Table 2 and Figures 5 and 6 summarize the proposed thresholds resulting from these different techniques. These ranged from 0.2 (75th percentile technique at week 4) to 3 (ROC technique at week 12) for defining a minimum clinically important improvement in the absolute change in RAID score and ranged from 6% (75th percentile technique at week 4) to 50% (empirical technique) for a MCII in the relative changes in the RAID score.

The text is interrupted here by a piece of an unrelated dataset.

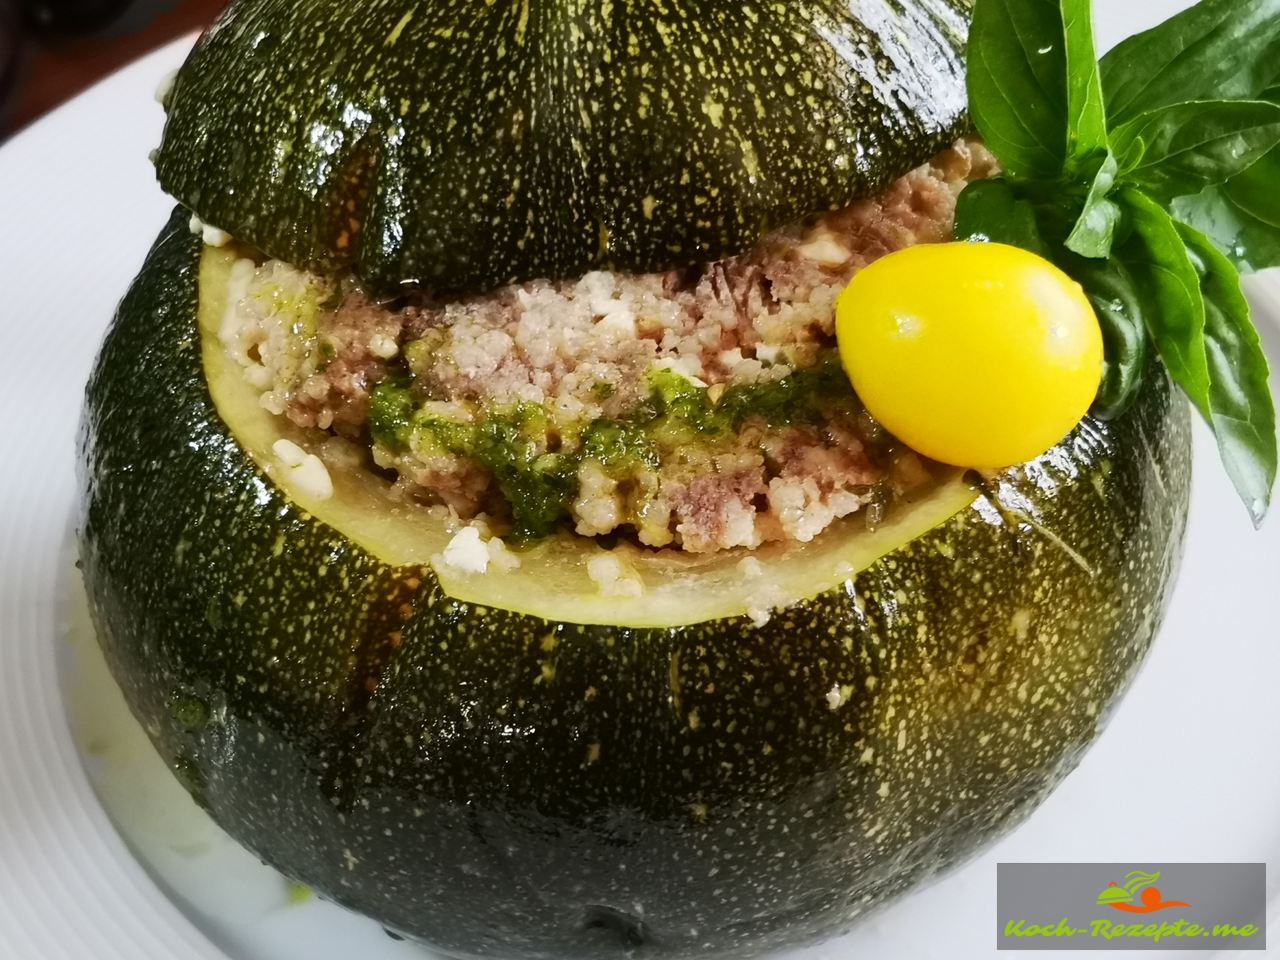 Fertig ist das Mittagsessen:Kugelzucchini gefüllt mit Rinder-Hackfleisch,Couscous und Feta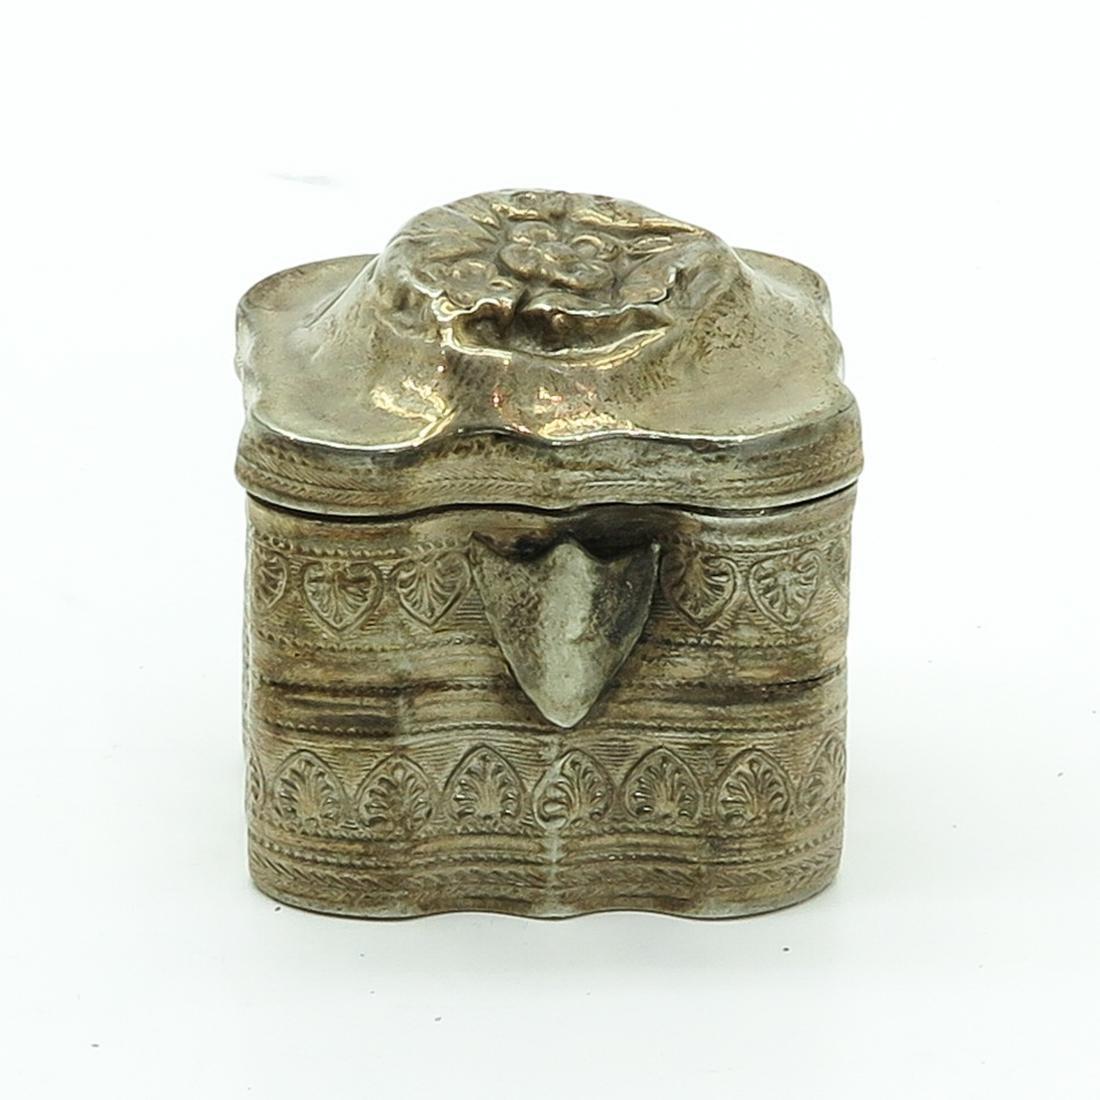 19th Century Dutch Silver Scent Box

thumbnailFigure 6. Proposals and evaluation of different thresholds for defining a clinically meaningful improvement in a relative change in the rheumatoid arthritis impact of disease (RAID) score. a. Proposals of threshold according to different techniques and different times of evaluation. b. Evaluation of external validity (versus DAS28-ESR) of different proposed thresholds. c. Evaluation of external validity (versus patient's global assessment) of different proposed thresholds. *Thresholds, proposal based on the following technique and time of calculation: a, 75th percentile technique at week 4; b, ROC technique at week 4; c, empirical technique; d, correct classification at week 4 and 75th percentile at week 12; e, 75th percentile at week 12; f, ROC technique at week 12; g, correct classification at week 12; h, empirical technique. +Positive likelihood ratio (higher values are indicative of better performing thresholds. See Methods for further information). DAS28-ESR, Disease Activity Score 28-erythrocyte sedimentation rate; ROC, receiver operating characteristic.

Threshold for defining an acceptable status

Table 3 and Figure 7 summarize the thresholds proposed by the different techniques used, ranging from a minimal score of 1 (empirical technique) to 4.2 (75th percentile and ROC technique at week 4) for the definition of a patient-acceptable symptom state in the RAID score.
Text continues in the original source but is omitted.